Now, we see a top-down move by Israel in the Trump-Kushner “Deal of the Century” claim to “solve” the plight of the Palestinians.  In the cold light of hard ball realism the Israeli declaration looks less like a diplomatic initiative and more like a clever emulation of the way that the People’s Republic of China has taken control of the South China Sea:  claim it as legitimately yours, occupy it, and then require the international state system and international law to live with it  as an irreversible reality of “facts on the ground”’ in this case, the facts being Israeli settlements as the one-to-one counterparts to PRC-occupied reefs and islets and ultimately to all the spaces in between.

So the pattern we see is the one etched by the old Chinese image of “scratches on our mind.”  In today’s case it is redrawing the map of the Middle East in the thoughts of the world’s leaders and their adversaries as a picture superseding that found in the Rand-McNally atlas on the bookshelf.  From this angle of vision there are only four big regional powers:  Israel, Iran, Turkey, and Egypt; the first two as rivals with far-reaching plans and operations, the third caught in a still-incoherent search for its role, and the fourth preoccupied by its attempt to revive and secure its one-preeminent place in the greater Arab-Islamic “Nation.”

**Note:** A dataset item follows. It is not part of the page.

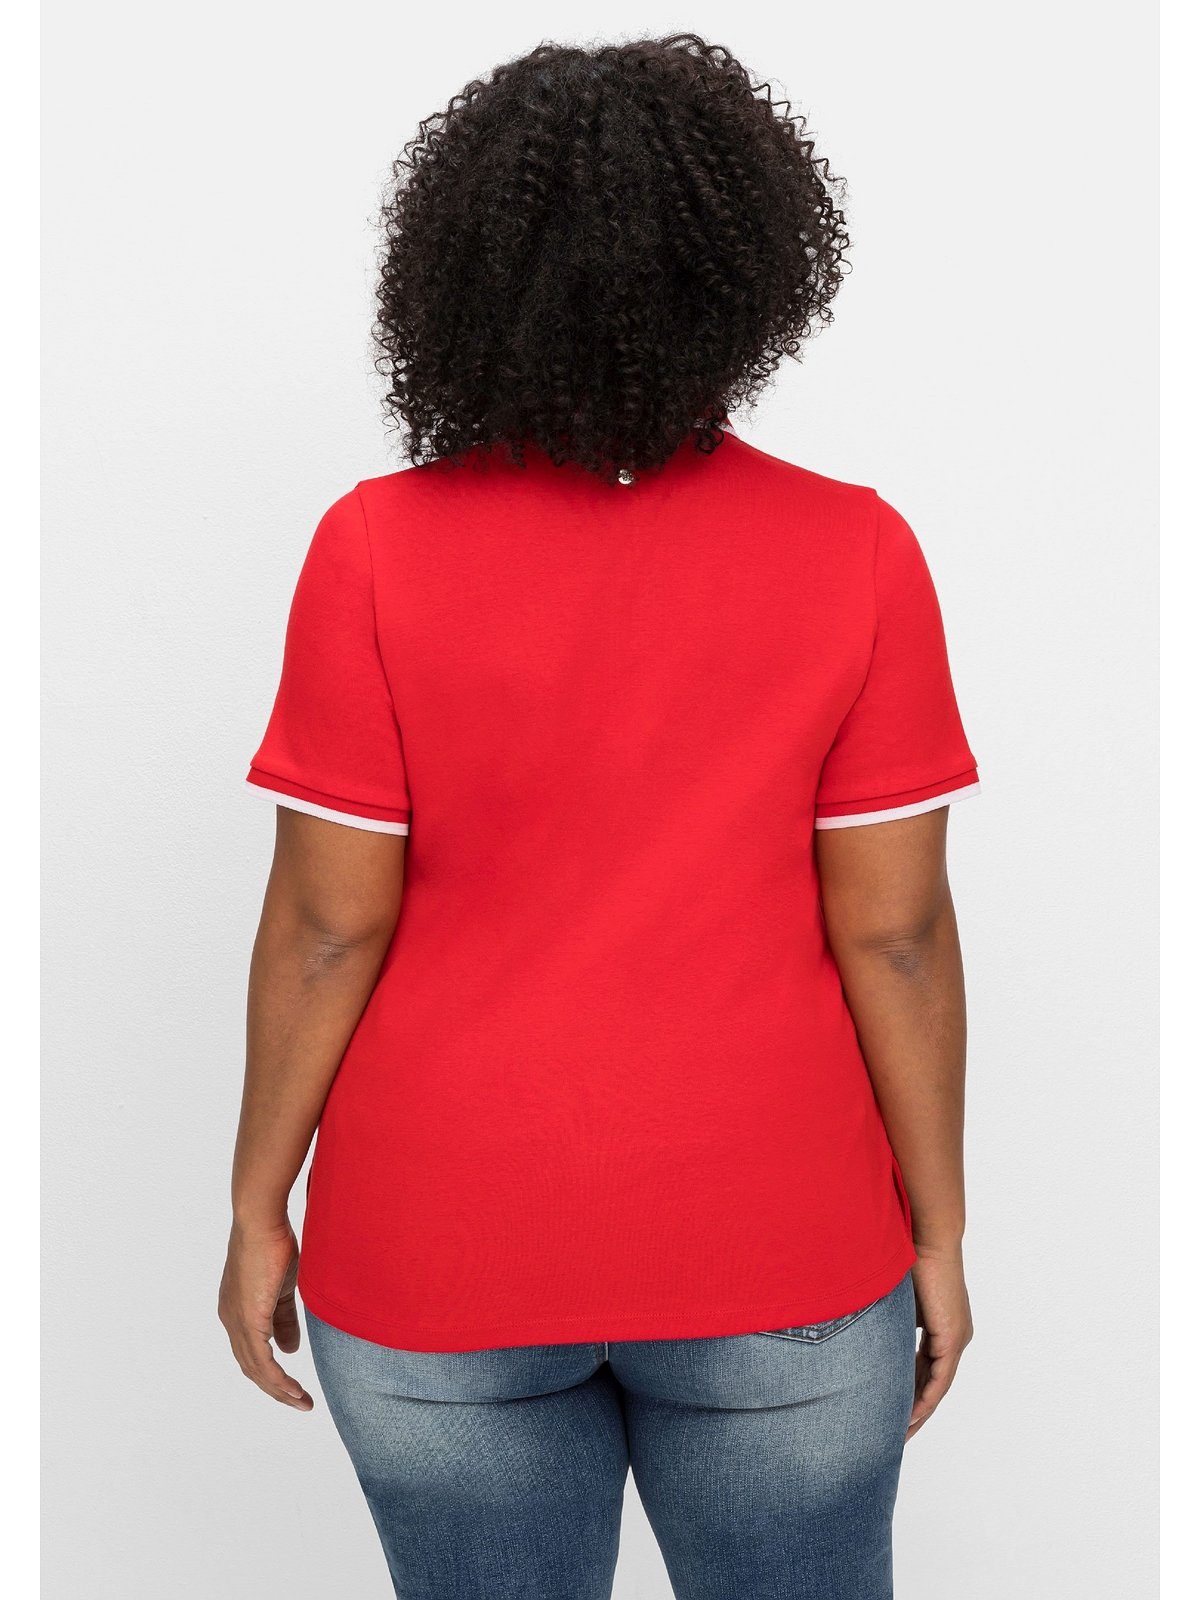 Sheego T-Shirt Große Größen Kontrastkanten, leicht tailliert mit

Two Big World powers appear to understand this new map-making process and the likelihood of its continuing progression in the near-to-mid future:  Russia and China.  Each has its own version of a geographical “bases” approach; Russia to acquire military-naval-air rights on the eastern Mediterranean littoral; China to gain contractual presences in key port cities across the region and beyond.  The Russians add muscle to their policy by “boots on the ground” with selective air strikes here and there from above.  China’s musculature comes in the form of tempting infrastructure proposals and promises within its grandiose “Belt and Road” intention to reshape the region within a wholly transformed, Sinicized globalization.

The question is whether this new Middle East map is a forerunner for a post-international state system world-wide, or whether that established “modern” structure, and the Middle East’s genius for disarray amidst dictatorship, will fend off this emerging revolutionary transformation.